Феликс тогда был еще в Англии, и мать написала ему после безрезультатной встречи, зашифровав имя Распутина как «Гр.» на случай попадания письма в чужие заинтересованные руки: «Все, что касается наших забот о Гр., в плачевном состоянии. Это какое-то ненормальное ослепление». Она сетует сыну: «Странные и грустные события совершаются ныне! Переживаем очень тяжелое время, и я тебе не пишу потому только, что невозможно в письмах все отрицать! Будь осторожнее в твоих письмах, т. к. все читается».
Впрочем, в этот период Феликс, полностью поддерживая мать, еще очень далек от мыслей о спасении монархии путем ликвидации Распутина. Он занят совсем другим вопросом – молодой князь наконец нашел ту, которую хочет сделать спутницей своей жизни. Его избранницей стала очаровательная Ирина Романова, единственная дочь великого князя Александра Михайловича (внука Николая I) и великой княгини Ксении Александровны (старшей дочери Александра III и, соответственно сестры Николая II). Когда дело дошло до сватовства Феликса к племяннице императора, встал вопрос о его репутации, который так долго его нимало не заботил.
И вот внезапно будущая теща во время визита в царскую резиденцию в Ливадии услышала от Александры Федоровны, что лично она никогда не отдала бы свою дочь за такого человека, как Феликс. Допустим, это можно было списать на напряженность между ней и княгиней Юсуповой. Но оказывается, что не только у нее такое мнение.

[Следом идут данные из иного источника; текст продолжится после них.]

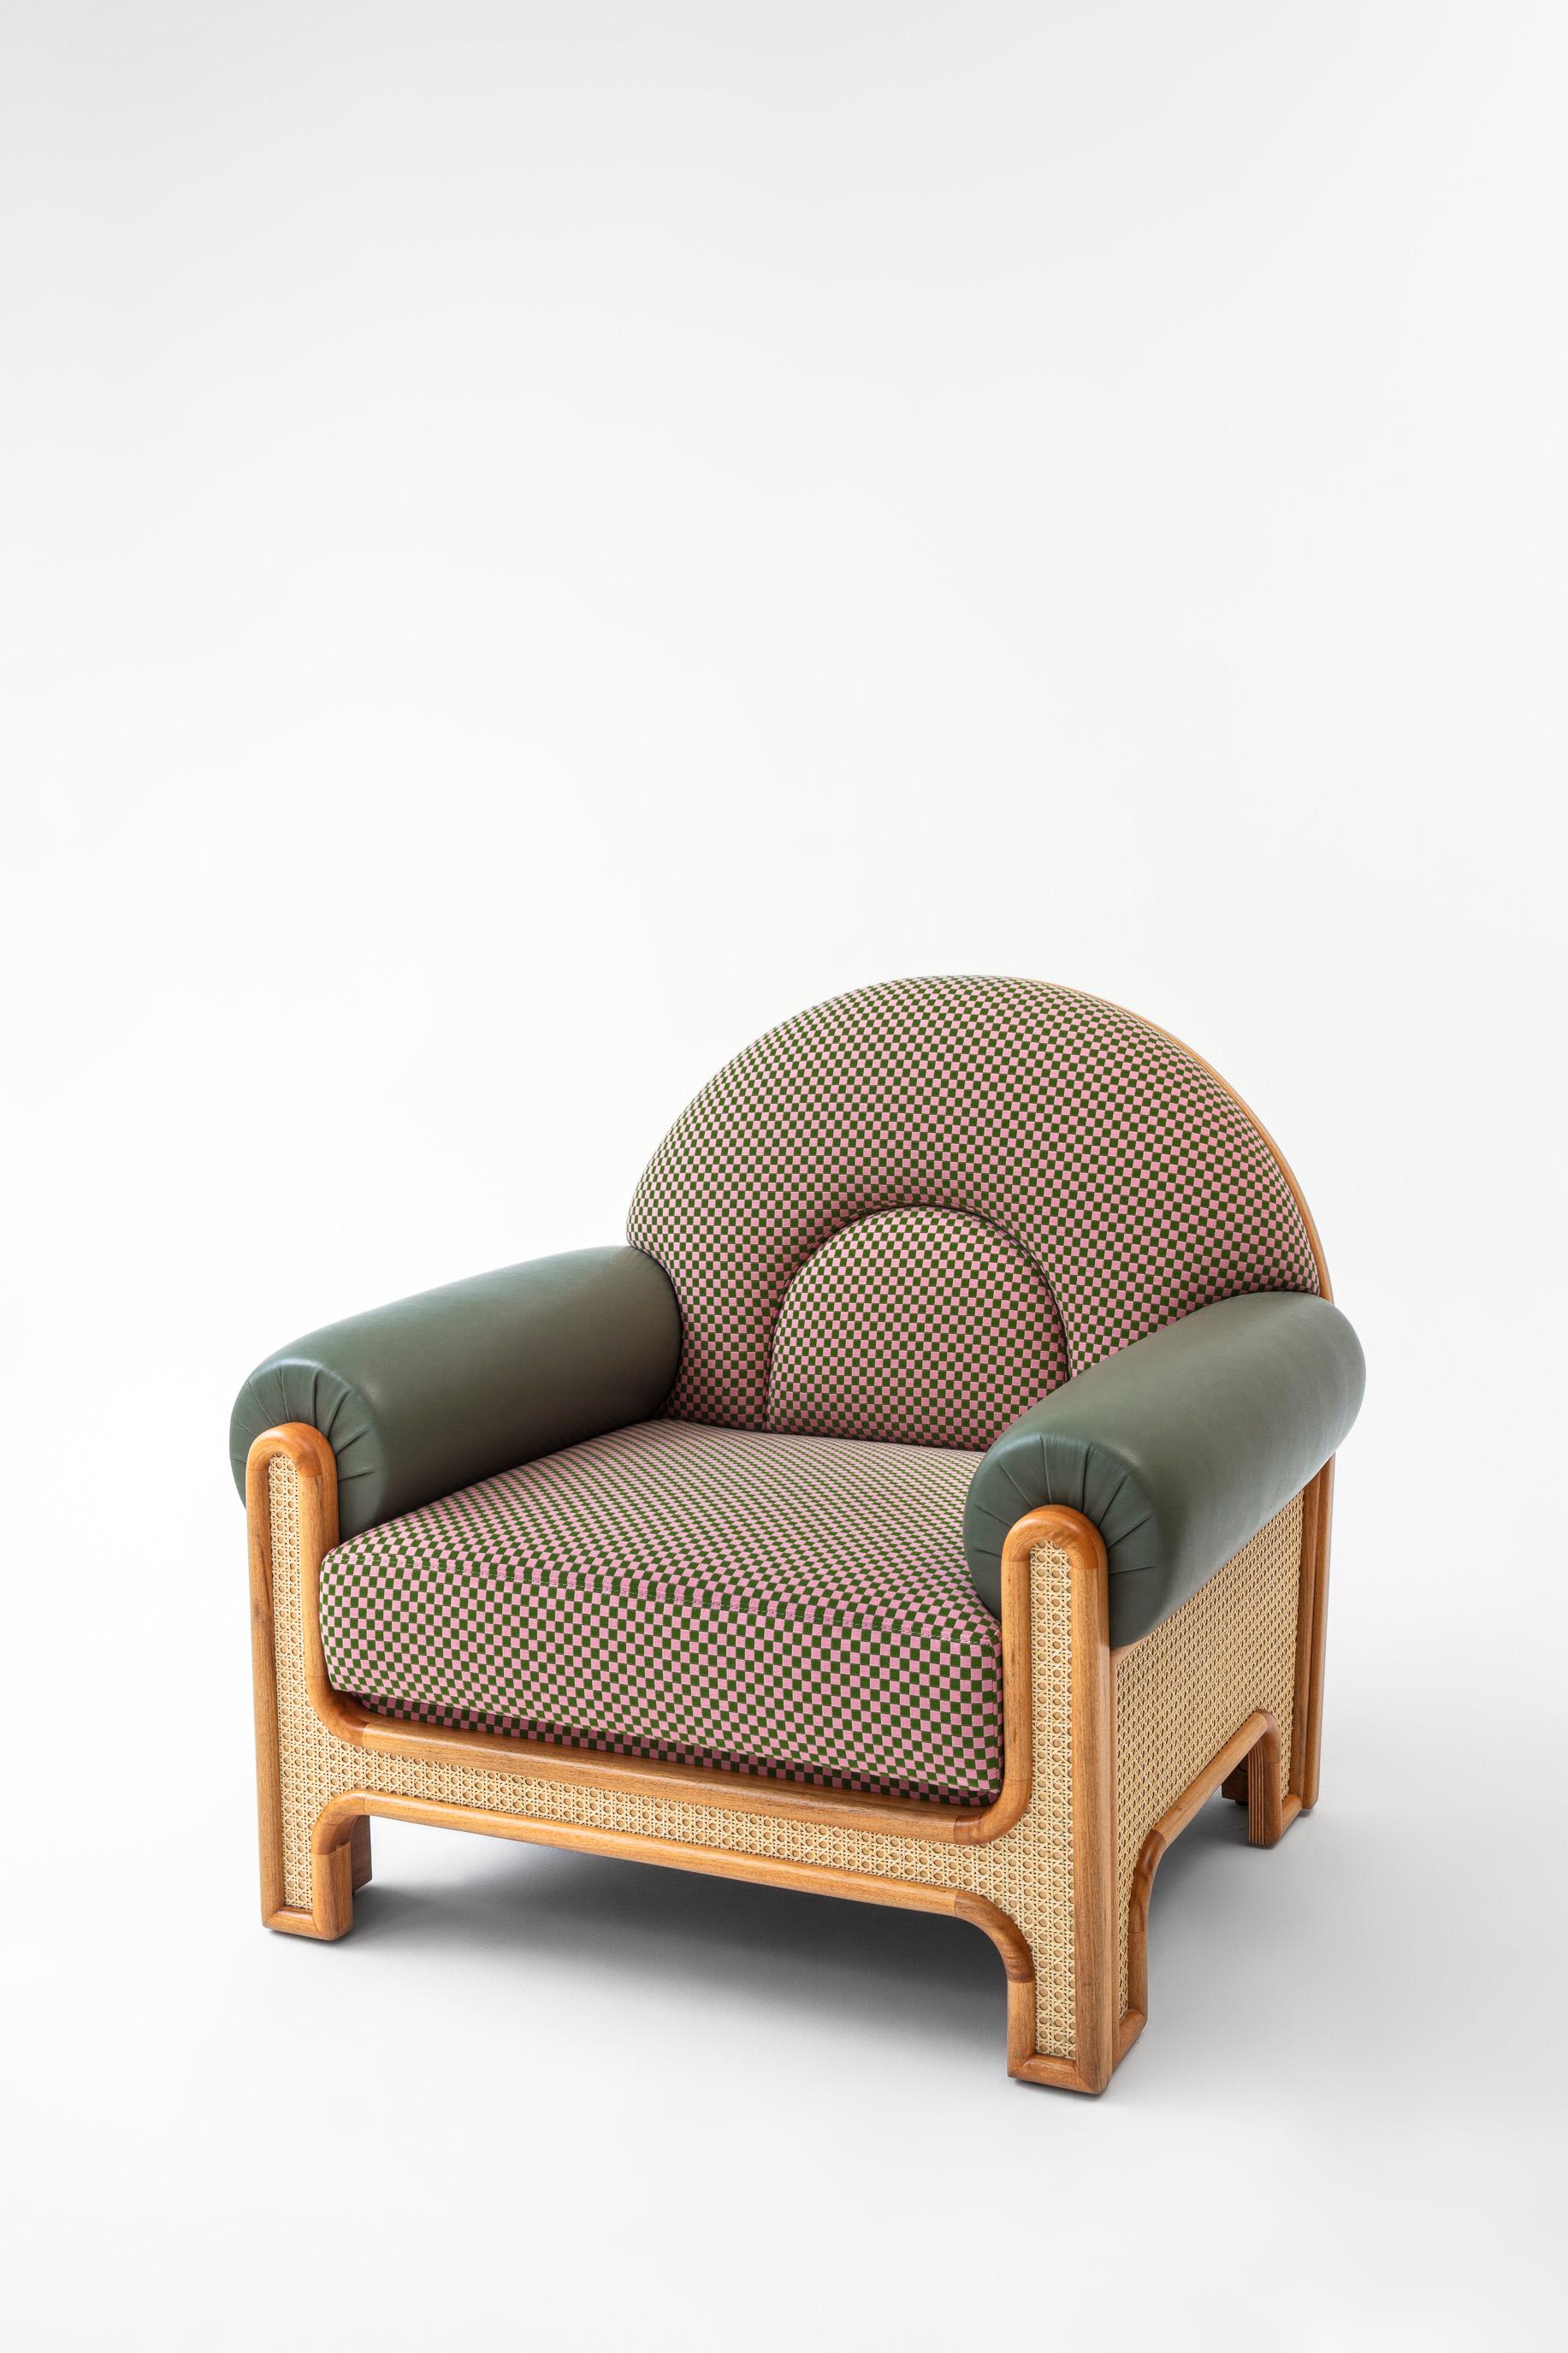 Le fauteuil N-gene est une réinterprétation d'un fauteuil conçu par l'oncle de Merve, l'architecte d'intérieur Engine, dans les années 1970. Le N-Gene est revisité avec des cannages, et est tapissé d'un textile à carreaux avec des accoudoirs en cuir

В ноябре 1913 года мать невесты получает от мужа записку следующего содержания: «Я все это время очень расстроен слухами о репутации Феликса, я много наслышался и нахожу, что не обращать внимания на это нельзя. Мне придется с ним просто поговорить, и, во всяком случае, не надо торопиться со свадьбой, надо его выдержать на испытание, и если он окажется хорошим в своем поведении, то свадьба может состояться, но если что-либо опять будет слышно о нем, то, может быть, придется свадьбу расстроить. Я тебе все расскажу, что я слышал, одно время я думал, что нужно вовсе его к Ирине не пускать, а теперь думаю, что они могут приехать ко мне, придется с ним говорить. Я прежде вовсе не верил в то, что говорили, теперь хочется верить, но что-то есть, слишком стойкое известное о нем мнение. Это очень грустно».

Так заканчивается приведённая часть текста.